Pour les candidats, chaque mois sans programmation réduit mécaniquement la capacité future du consulat à absorber l’ensemble des dossiers avant l’échéance du 30 septembre. Plus l’année fiscale avance, plus la marge de rattrapage se réduit. Le risque n’est pas théorique : il est structurel. Un engorgement en fin d’exercice pourrait entraîner la perte définitive de l’opportunité, indépendamment du respect des conditions légales par les candidats.
Entre silence administratif et pression psychologique
Plusieurs lauréats affirment avoir contacté les services consulaires afin d’obtenir des clarifications. Courriels, demandes d’explication, requêtes d’information : selon eux, les réponses se font rares ou restent générales, sans calendrier précis. Ce déficit de communication accroît la pression psychologique. Certains candidats disent avoir suspendu des engagements professionnels, repoussé des décisions personnelles ou engagé des démarches préparatoires en anticipation de leur départ.
Il convient toutefois de rappeler que la programmation consulaire ne dépend pas d’un seul facteur.

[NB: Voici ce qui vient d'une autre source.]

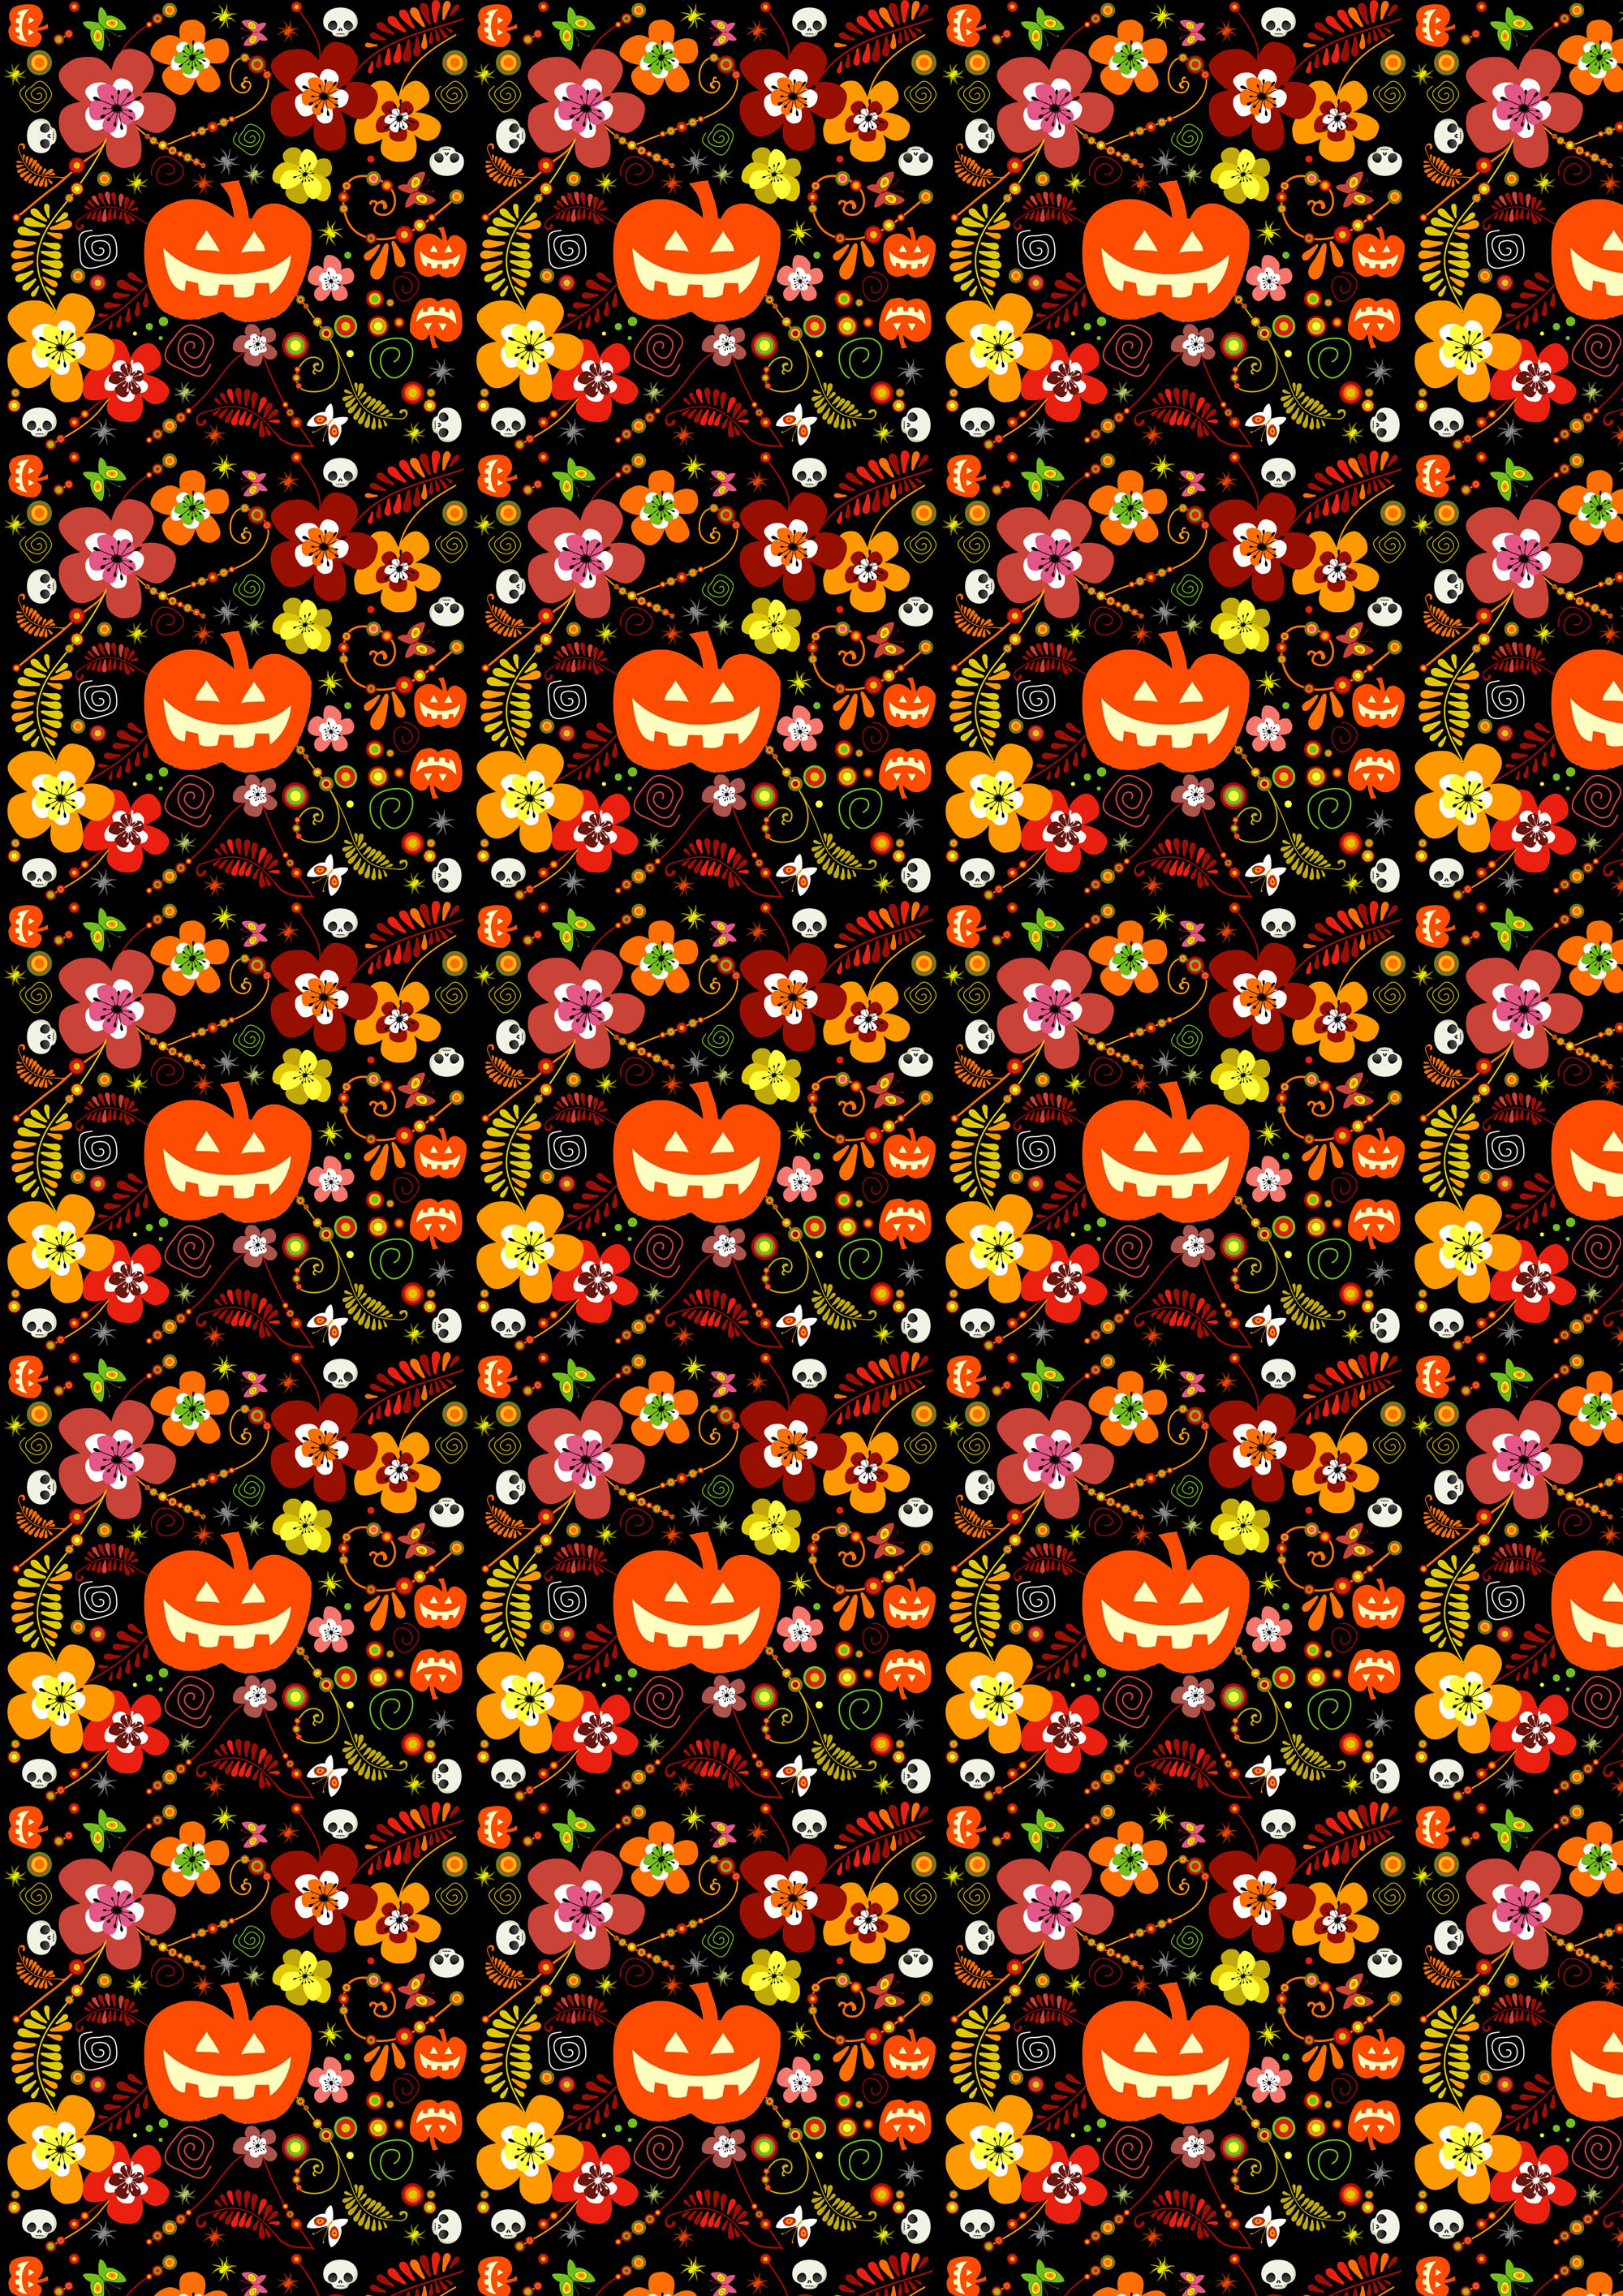 Free Scrapbook Paper: Halloween Pumpkins And Flowers | Rooftop Post - Free Printable Halloween Paper Crafts
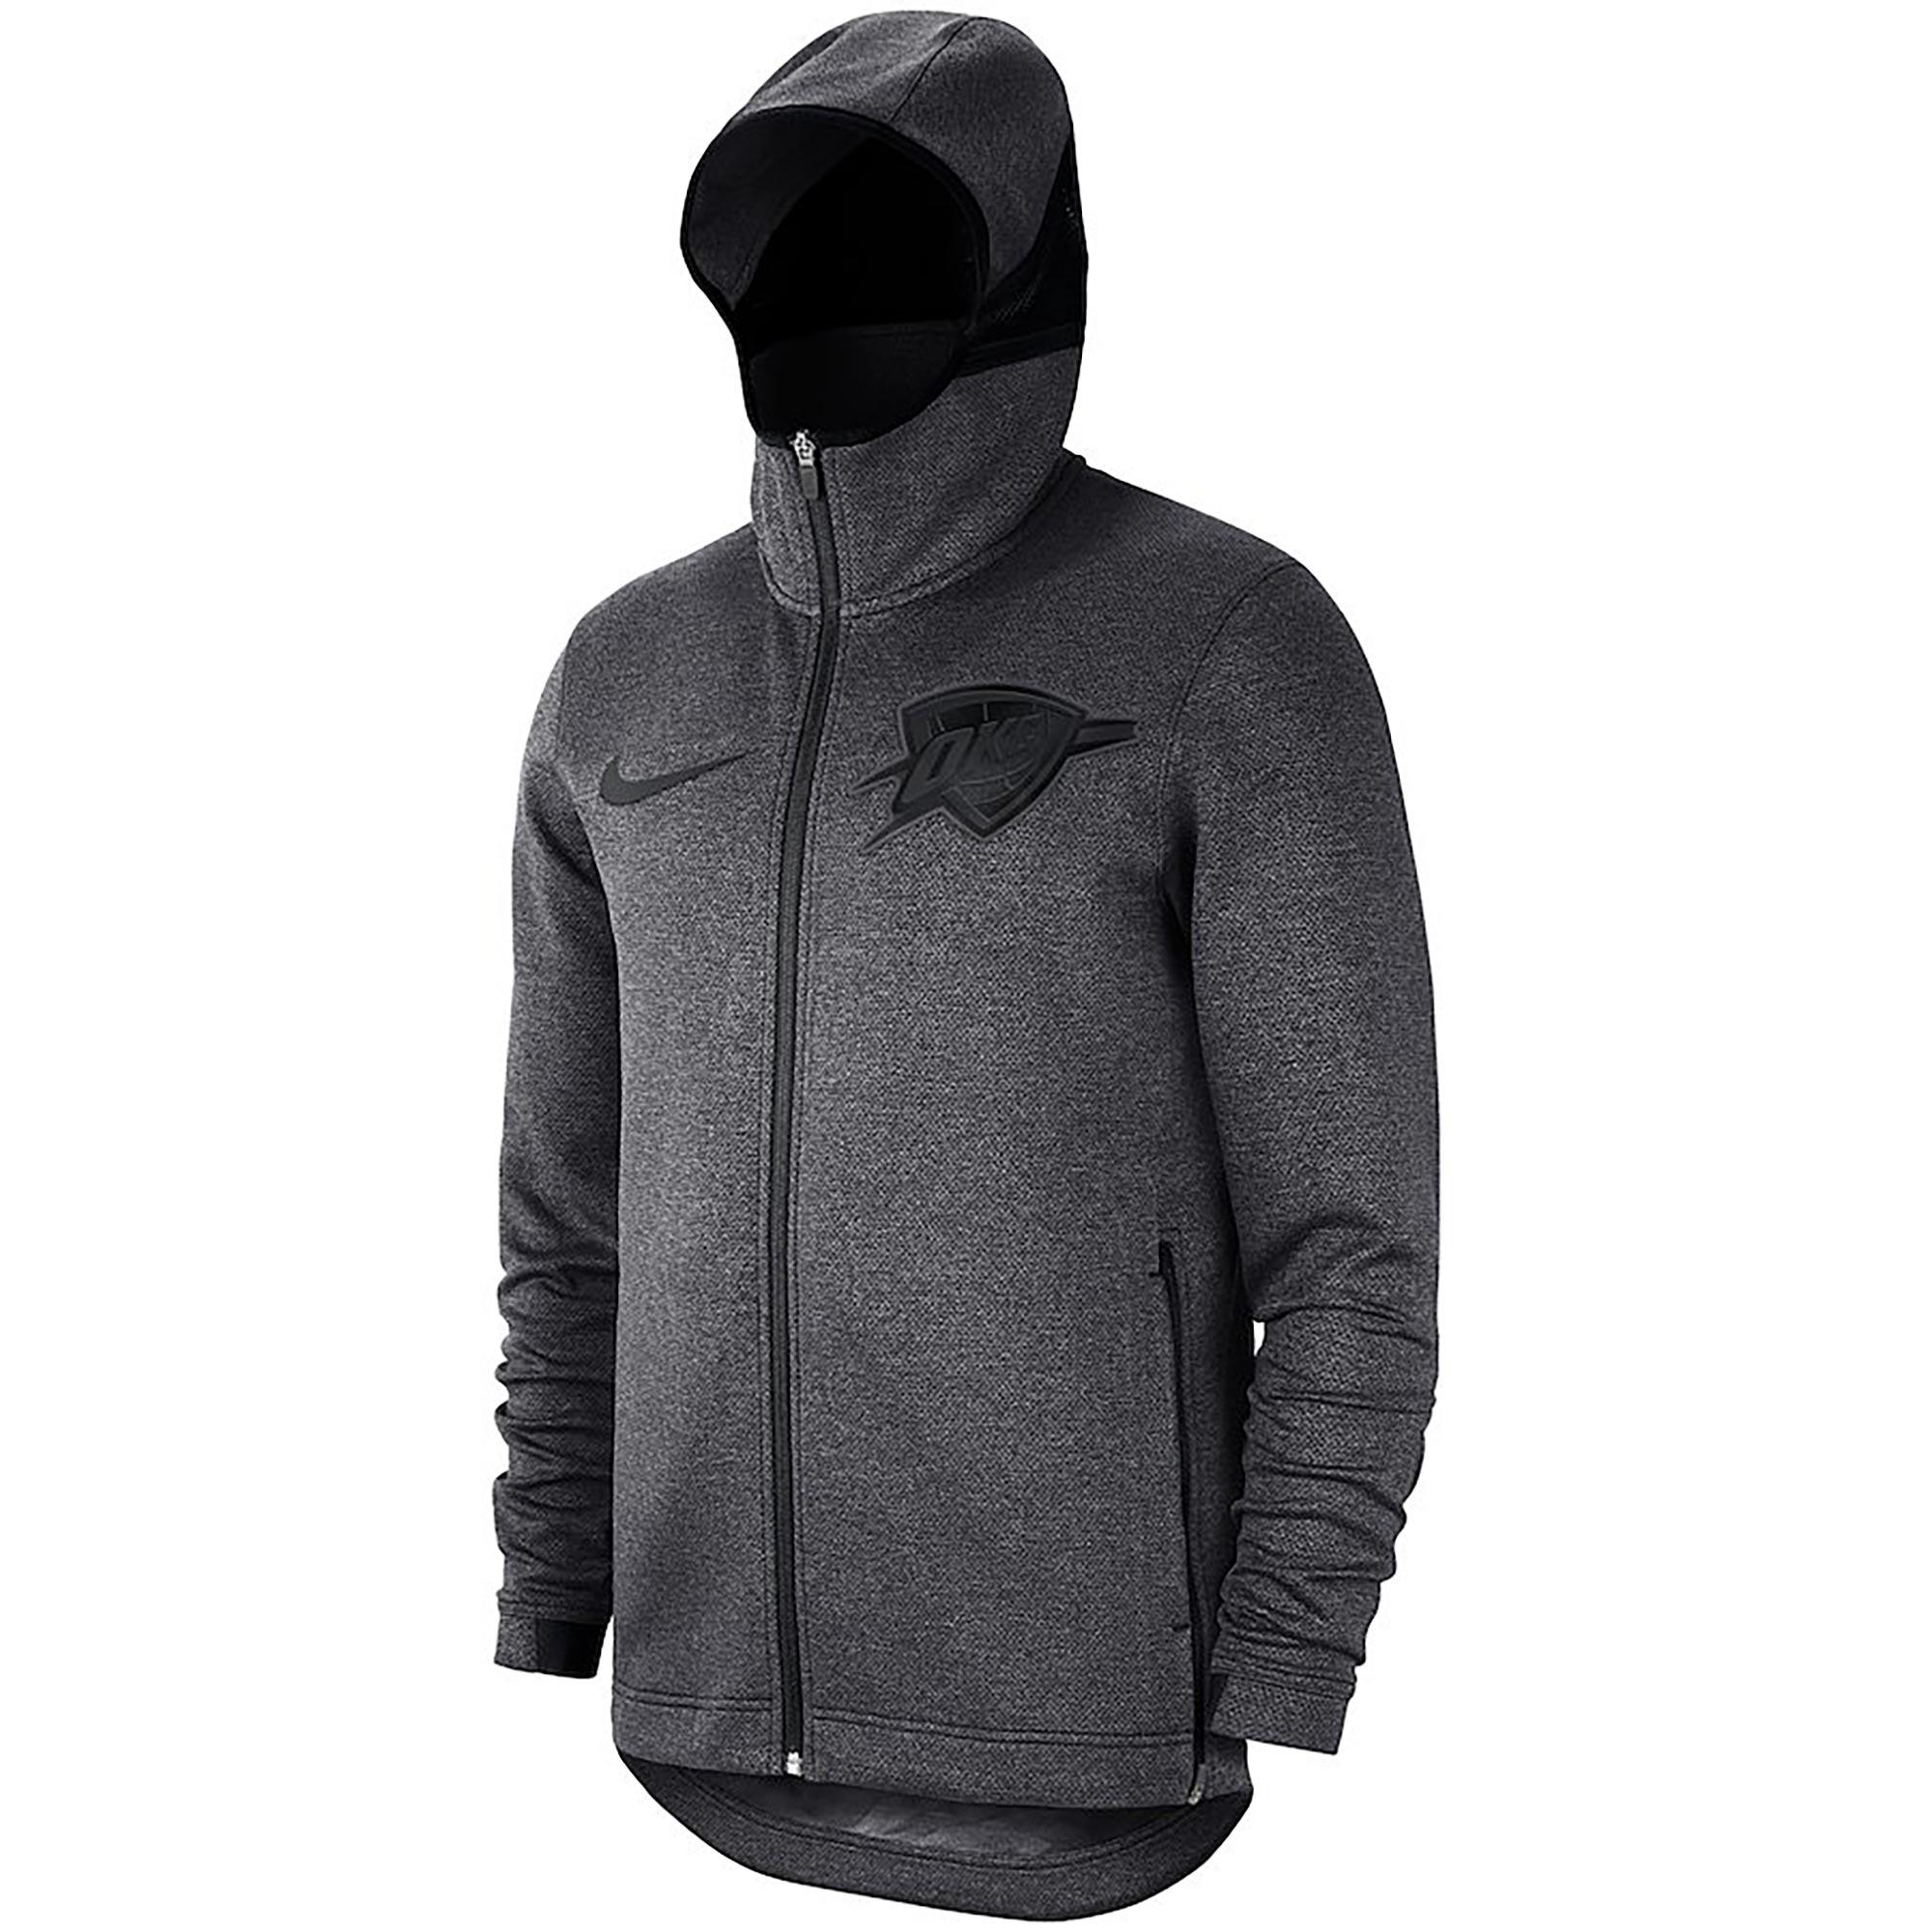 Outerstuff EMEA Ltd / Oklahoma City Thunder Nike Showtime Therma Flex Hoodie - Youth

Elle repose sur un ensemble de paramètres : capacité en personnel, priorités internes, gestion des autres catégories de visas (tourisme, études, regroupement familial, immigration professionnelle), contraintes logistiques et sécuritaires. Un ralentissement peut résulter d’arbitrages administratifs internes, dont les critères ne sont pas toujours rendus publics.
Un mécanisme global, une mise en œuvre locale : la tension structurelle du programme DV
Le cas marocain met en lumière une tension inhérente au programme Diversity Visa. Conçu comme un dispositif mondial, le DV repose sur des quotas régionaux ; une sélection centralisée par le Kentucky Consular Center et une procédure juridiquement uniforme.
Cependant, son exécution est décentralisée. Chaque consulat gère son propre volume d’entretiens en fonction de ses capacités et priorités. Ainsi, un programme global dépend de ressources locales inégales. Cette décentralisation peut produire des disparités de rythme entre pays, sans que le cadre normatif ne soit formellement modifié.
Le facteur temps : une contrainte absolue
Contrairement à d’autres catégories de visas, le programme DV ne permet aucun report. Aucun mécanisme de prolongation n’existe au-delà du 30 septembre. Ce caractère rigide transforme le temps en variable déterminante.
Un ralentissement local peut avoir des conséquences systémiques (perte définitive d’opportunité pour des candidats éligibles ; inégalité de fait entre pays participants et transformation d’un retard administratif en obstacle substantiel). Le paradoxe est manifeste : un dispositif destiné à diversifier l’immigration américaine peut, dans sa mise en œuvre opérationnelle, produire des disparités géographiques significatives.
Des précédents internationaux révélateurs
Des situations comparables ont déjà été observées ailleurs, notamment en Afrique subsaharienne ou en Asie du Sud. Des retards consulaires ont conduit, certaines années, à l’épuisement des quotas sans que l’ensemble des dossiers « prêts » n’ait été traité. Dans d’autres cas, des contentieux ont été engagés devant des tribunaux fédéraux américains pour contester des retards jugés excessifs.
Ces précédents montrent que la temporalité administrative peut devenir un enjeu juridique, particulièrement lorsque l’inaction entraîne une perte irréversible.
Une revendication d’équité plutôt qu’un traitement préférentiel
Dans ce contexte, les lauréats marocains affirment ne pas réclamer un privilège particulier. Leur demande se veut plus simple : une programmation régulière, transparente et proportionnée, conforme au principe d’égalité procédurale entre les différents pays participants.
Car au-delà des statistiques et des comparaisons, la réalité demeure : pour ces 3 670 candidats, chaque semaine sans convocation n’est pas un simple délai administratif. C’est un compte à rebours.